Reversible One Way Hash in hmac Module
The Python module hmac provides a number of functions for creating and
verifying message authentication codes (MACs). However, some of the hash
algorithms supported by hmac are insecure and should not be used. These
insecure hash algorithms include MD4, MD5, RIPEMD-160 and SHA-1.
The MD4 hash algorithm is a cryptographic hash function that was designed in the late 1980s. MD4 is no longer considered secure, and MACs created with MD4 can be easily cracked by attackers.
The MD5 hash algorithm is a cryptographic hash function that was designed in the early 1990s. MD5 is no longer considered secure, and MACs created with MD5 can be easily cracked by attackers.

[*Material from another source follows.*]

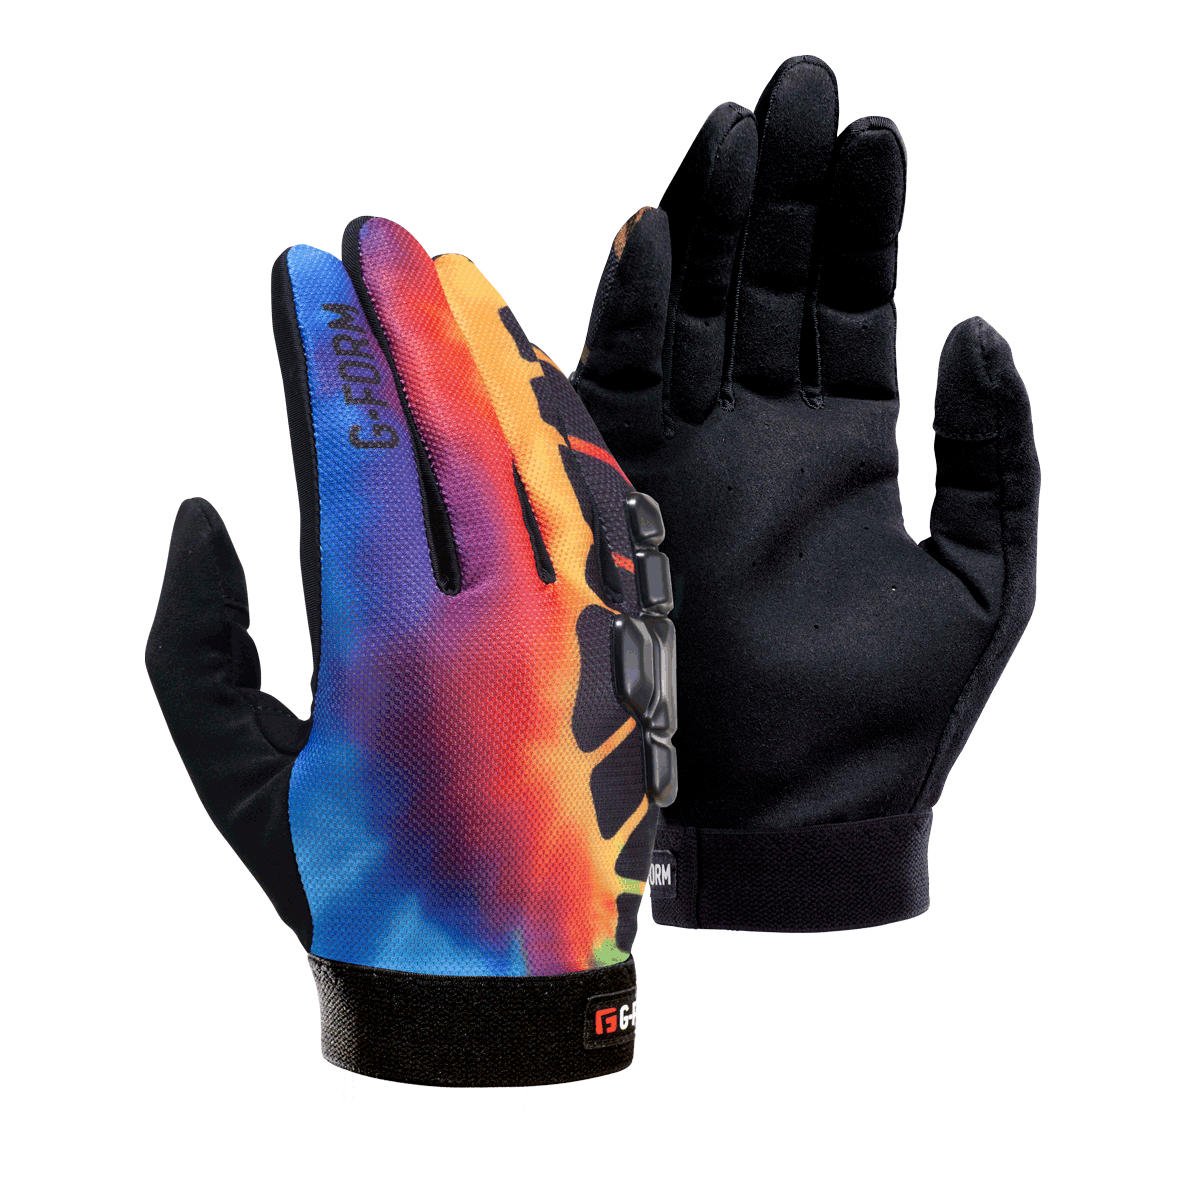 Sorata 2 Heavy Duty Mountain Biking Gloves padded riding Gloves hand protection washable adult youth gloves

RIPEMD-160 is a cryptographic hash function that was designed in 1996. It is considered to be a secure hash function, but it is not as secure as SHA-256, SHA-384, or SHA-512. In 2017, a collision attack was found for RIPEMD-160. This means that it is possible to find two different messages that have the same RIPEMD-160 hash. While this does not mean that RIPEMD-160 is completely insecure, it does mean that it is not as secure as it once was.
The SHA-1 hash algorithm is also a cryptographic hash function that was designed in the early 1990s. SHA-1 is no longer considered secure, and MACs created with SHA-1 can be easily cracked by attackers.
Example
import hmac
secret_key = "This is my secret key."
hmac_obj = hmac.new(key, digestmod="md5")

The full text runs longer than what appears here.